The Incremental Fuzzy Control algorithm fulfils the robustness and smoothness 
requirements mentioned above, even its implementation in microcontrollers. Such an 
algorithm is relatively simple and computationally more efficient than other adaptive 
control algorithms, because it consists of only four fuzzy rules. The algorithm demonstrates 
a smooth balance control response between the walking algorithm and the lateral plane 
control: one adaptive gain varies incrementally depending on the required performance 
degree. 

The objective of this chapter is to describe the incremental fuzzy algorithm, used to 
control the balance of lateral plane movements of humanoid robots. This fuzzy control 
algorithm is computationally economic and allows a condensed implementation. The 
algorithm was implemented in a PICF873 microcontroller. We begin on the next section 
with the analysis of the balance problem, and follow later with the description of the 
controller structure. Afterwards, we explain important considerations about the 
modification of its parameters. Finally, we present experimental results of algorithm, used 
on a real humanoid robot, "Dany walker", developed at the Institut fur Informatik of the 
Freie Universitat Berlin. 

2. Robot Structure 

The humanoid robot "Dany Walker" used in our research was built only from the waist 
down. It consists of 10 low-density aluminium links. They are rotational on the pitch axis at 
the hip, knee and ankle. Each link consists of a modular structure. The links form a biped 
robot with 10 degrees of freedom, see Fig. 1. 

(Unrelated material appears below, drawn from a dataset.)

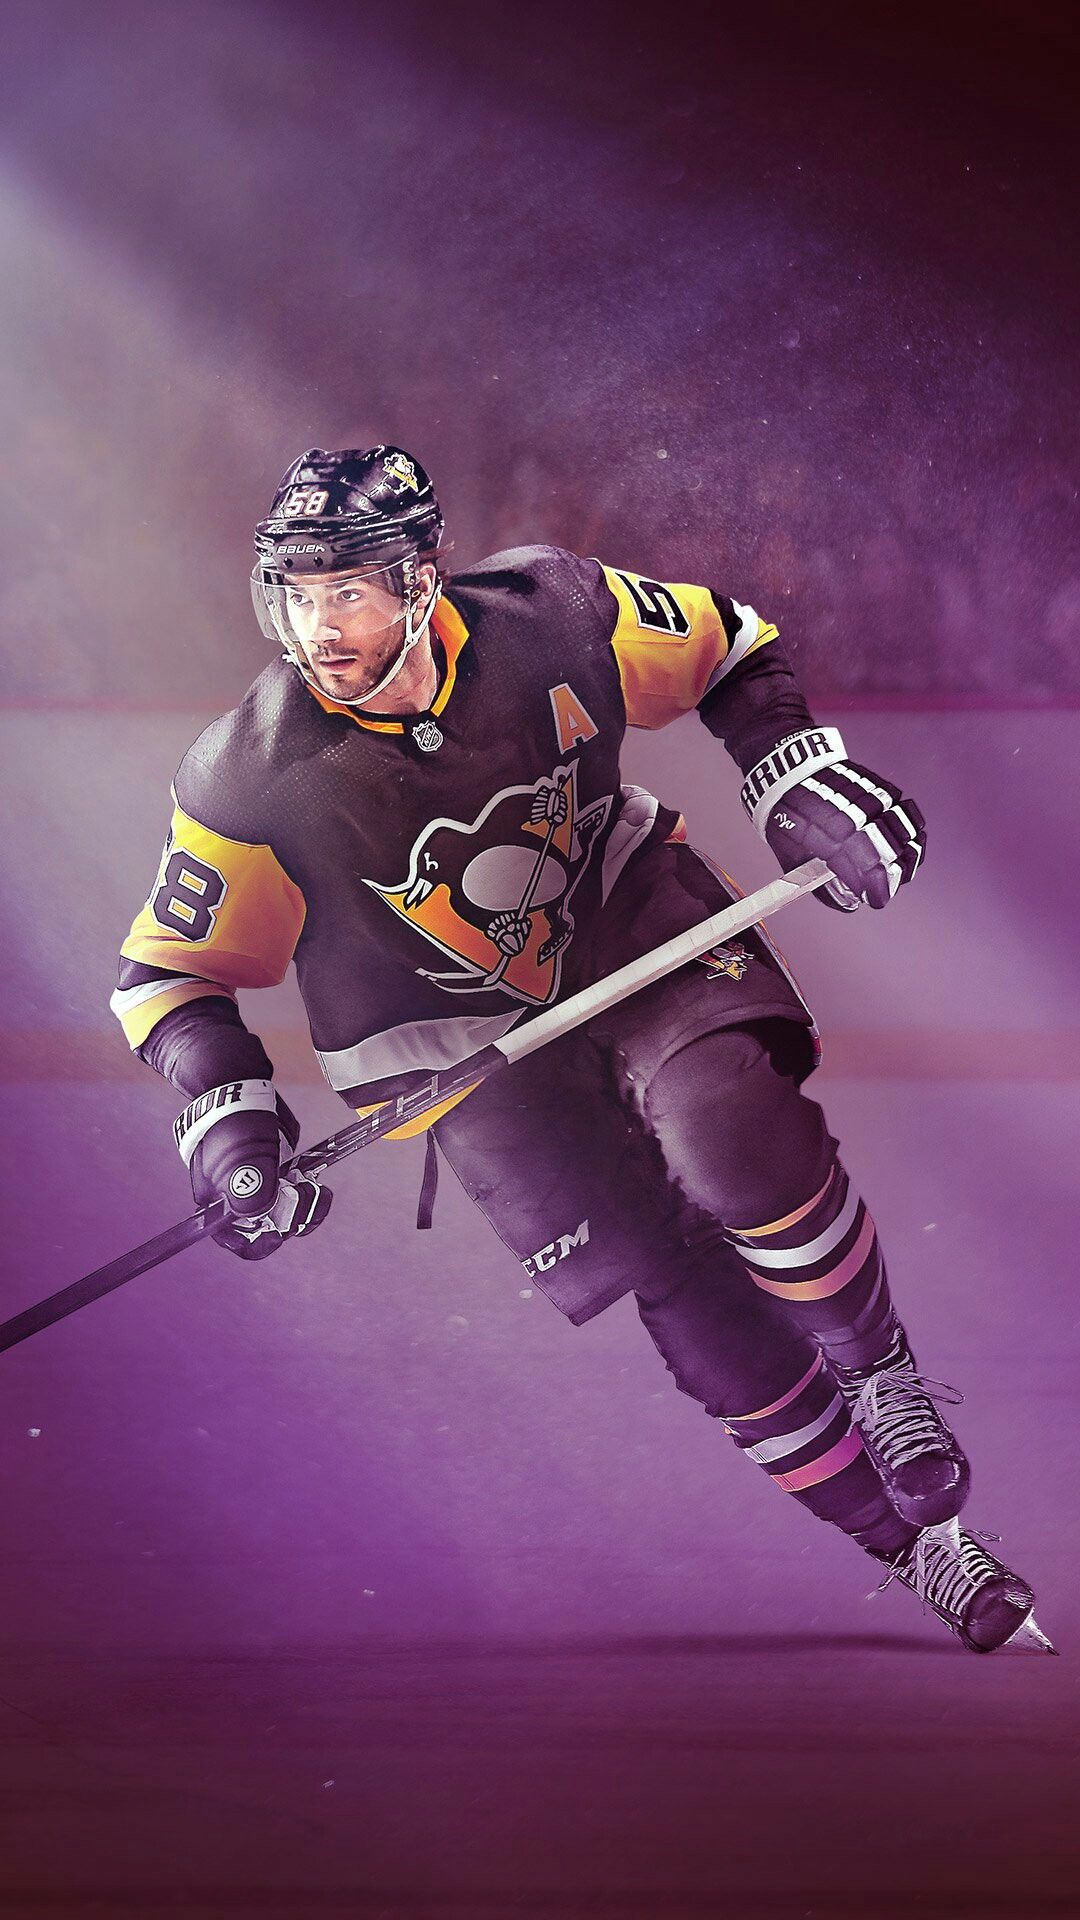 Letang Nhl Wallpaper Hot Hockey Players Pens Hockey

The robot structure and its mass distribution affect directly the dynamic of the 
humanoid (Cuevas et al., 2004), therefore, the movement of the Center of Masses 
(COM) has a significant influence on the robot stability. In order to achieve static 
stability, we placed the COM as low as possible. To such purpose, our design uses 
short legs, see Fig. 2 

To compensate the disturbances during walking, our construction enables lateral 
movements of the robot. Thus, it was possible to control the lateral balance of the robot by 
swaying the waist using four motors in the lateral plane: two at the waist and two at the 
ankles, see Fig. 3.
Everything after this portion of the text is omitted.